With all eyes on 2023, the men in blazers were just paying lip service to the women’s game

A player wears a “legacy” wristband to protest the abominable treatment of women’s rugby by the IRFU. Photograph: Oisin Keniry/Inpho

I still remember driving to a local match after hearing what the IRFU did to appoint the new Women's XV coach and thinking to myself, as a joke, to give it a go. I'll hold my hands up and say rugby is not my forte, but the way the position was advertised, it looked like specialisation in rugby wasn't exactly a necessity.

Then, my laughter turned to anger. I could roll out all the cliches, such as "how dare they", but the thing is the IRFU know. We know you know. The Women's World Cup was not a massive success from the Irish perspective, and it was clear the manager lost the dressing-room months before the tournament. The interview with Ruth O'Reilly showed that.

Fast-forward to this month, and you had RTÉ’s head of sport Ryle Nugent come out and say that the IRFU rejected two prime time TV slots for the women’s team. The first slot, Friday, was unsuitable for the amateur players, an understandable reason, but the rejection of the Saturday slot baffled me. Countless women, journalists, players, analysts and others have gone through step by step on how to grow the game, and it has all been ignored or cast aside by the IRFU.

Ireland moved to Donnybrook in 2016. Twelve of the 15 women's Six Nations games, from 2010 to 2015, were on Friday nights. While attendances were mediocre, nothing has been done to change it. You'd almost want to be telepathic to find out when games are on and chances are it's at an odd time where it's not suitable to bring kids.

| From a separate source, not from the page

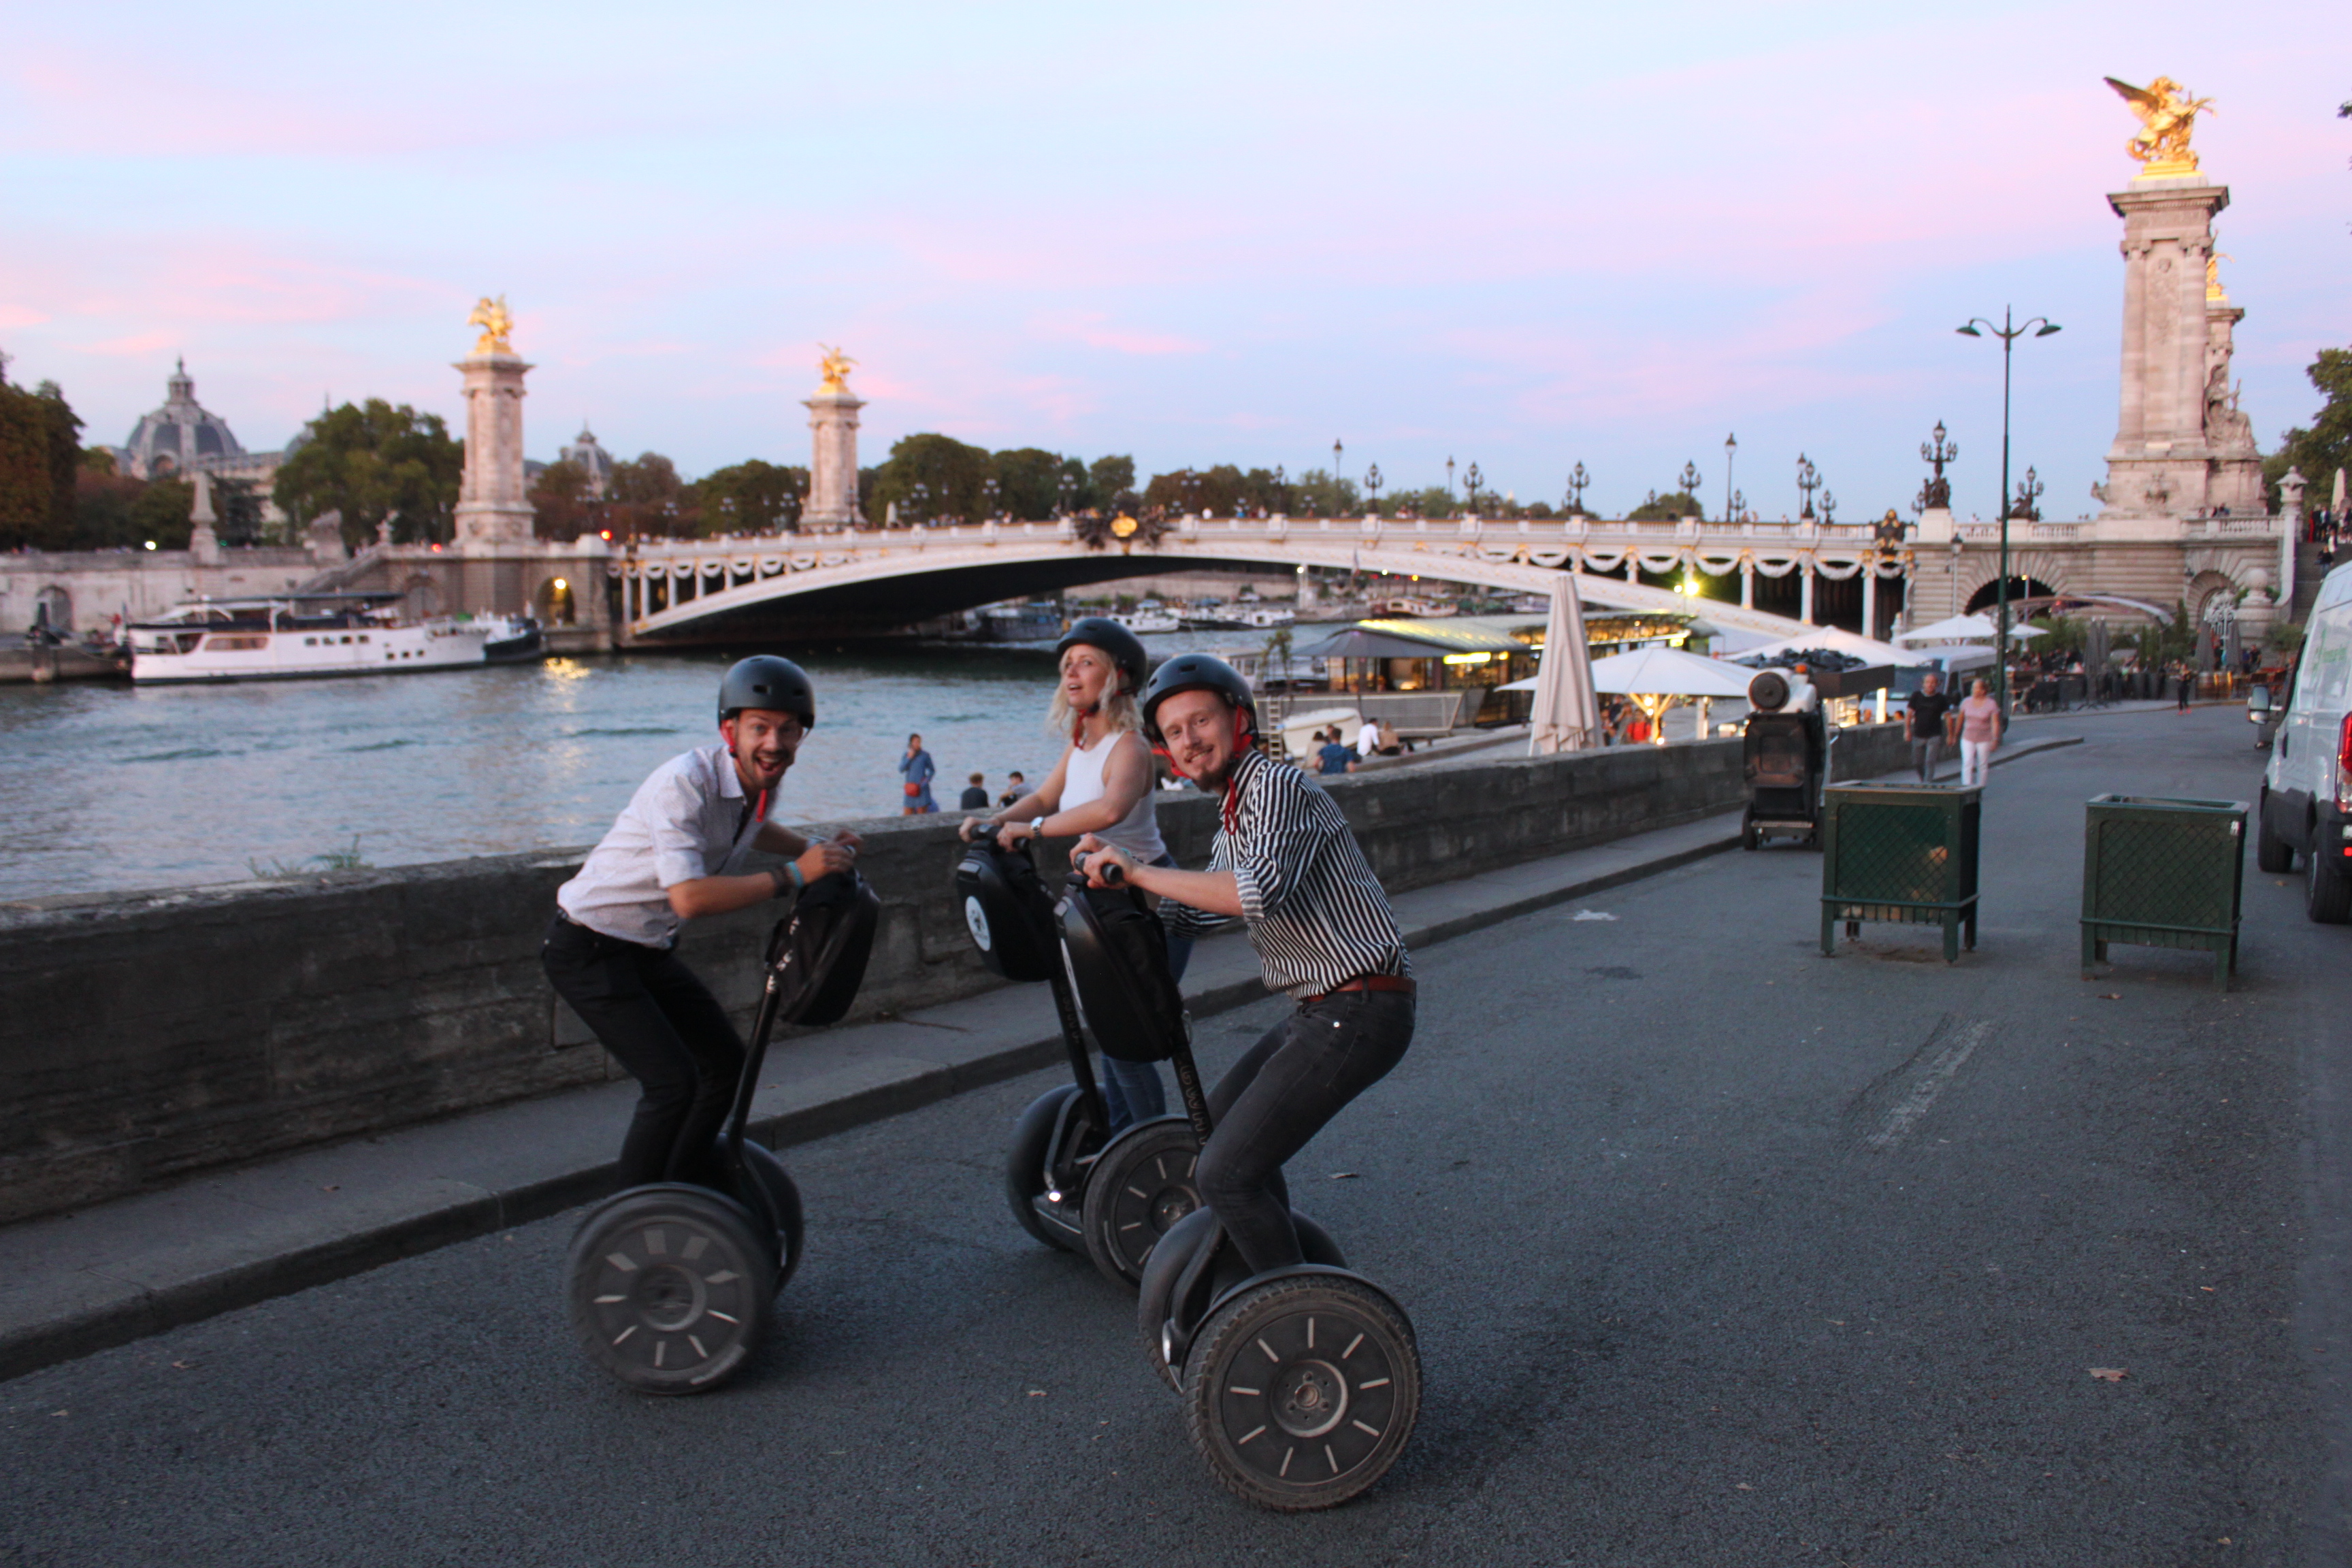 Segway tour make a unique and exciting experience during any

That’s not fair to anyone, not to the women who train incredibly hard and risk their bodies, nor to the poor volunteer stewards standing at the gate in the freezing cold.

So much further

To an outsider, you could say the Women’s World Cup was a start. It did portray everything we could do . . . but there was so much further to go. Throw out all the cliches such as “we’re great craic”, “best fans in the world” and “look how well we hold tournaments”.

Since the Women’s World Cup has come and gone, all eyes have turned to 2023. The women’s game has been ignored. The manager’s status has been demoted to part-time on a six-month basis, and a prime TV slot was rejected. All the talk we heard about growing the game at grassroots and so on – it seems to me it was lip service. Am I shocked? No. But, I am disappointed.

The 2017 Women’s Rugby World Cup was a start. It did portray everything we could do . . . but there was so much further to go. Photograph: Dan Sheridan/Inpho

I stood and listened to all the statistics from Australia on growing the women’s game, and I heard the IRFU representatives complimenting those figures and stating they were committed to doing the same. We all clapped and nodded as we all felt this time would be different. We could be world leaders and groundbreakers. Hey, we could even host a major international tournament.

The bitter irony is that, sadly, the IRFU don't care about you. They are not in this for your happiness

Sure, I fell for it. I’d love if Ireland hosted a major tournament, but, sorry to say, we’re not ready for it. The infrastructure connecting counties is not there. I was at a global economic forum in Ireland for 2016, and the same points were raised continuously: rural Ireland is dying, all roads lead to Dublin, maybe you should link Cork to Donegal in the future. A year on, we decide to go ahead and bid for a tournament we don’t have the infrastructure to host.


After World Rugby's technical review group decided South Africa was the most suitable nation to host the 2023 Rugby World Cup, a part of me chuckled. Not in that begrudging way where I choose to laugh at my country's bid – I'm happy we put our necks out – but that the same issues that were spoken about in 2016 were reiterated in the report. I read the report and, in fairness, the points they made were the same points I heard at the economic forum.

Never ones to give up, Ireland went on the defence. Poorly. And it was at that moment in time I thought of all the cuts the IRFU made to the women’s game. I thought of Ruth O’Reilly criticising the men in blazers, and I thought she was dead right.

They did not think. If the IRFU cared, the infrastructure would have been thought of and not ignored like the women’s team. The women’s team would not have been made a laughing stock for going through the humiliating demotion that occurred.

The bitter irony is that, sadly, the IRFU don’t care about you. They are not in this for your happiness. They’re in this for their own satisfaction, their own prestige. The greatest fans in the world have now lost out on the potentially greatest rugby tournament in the world.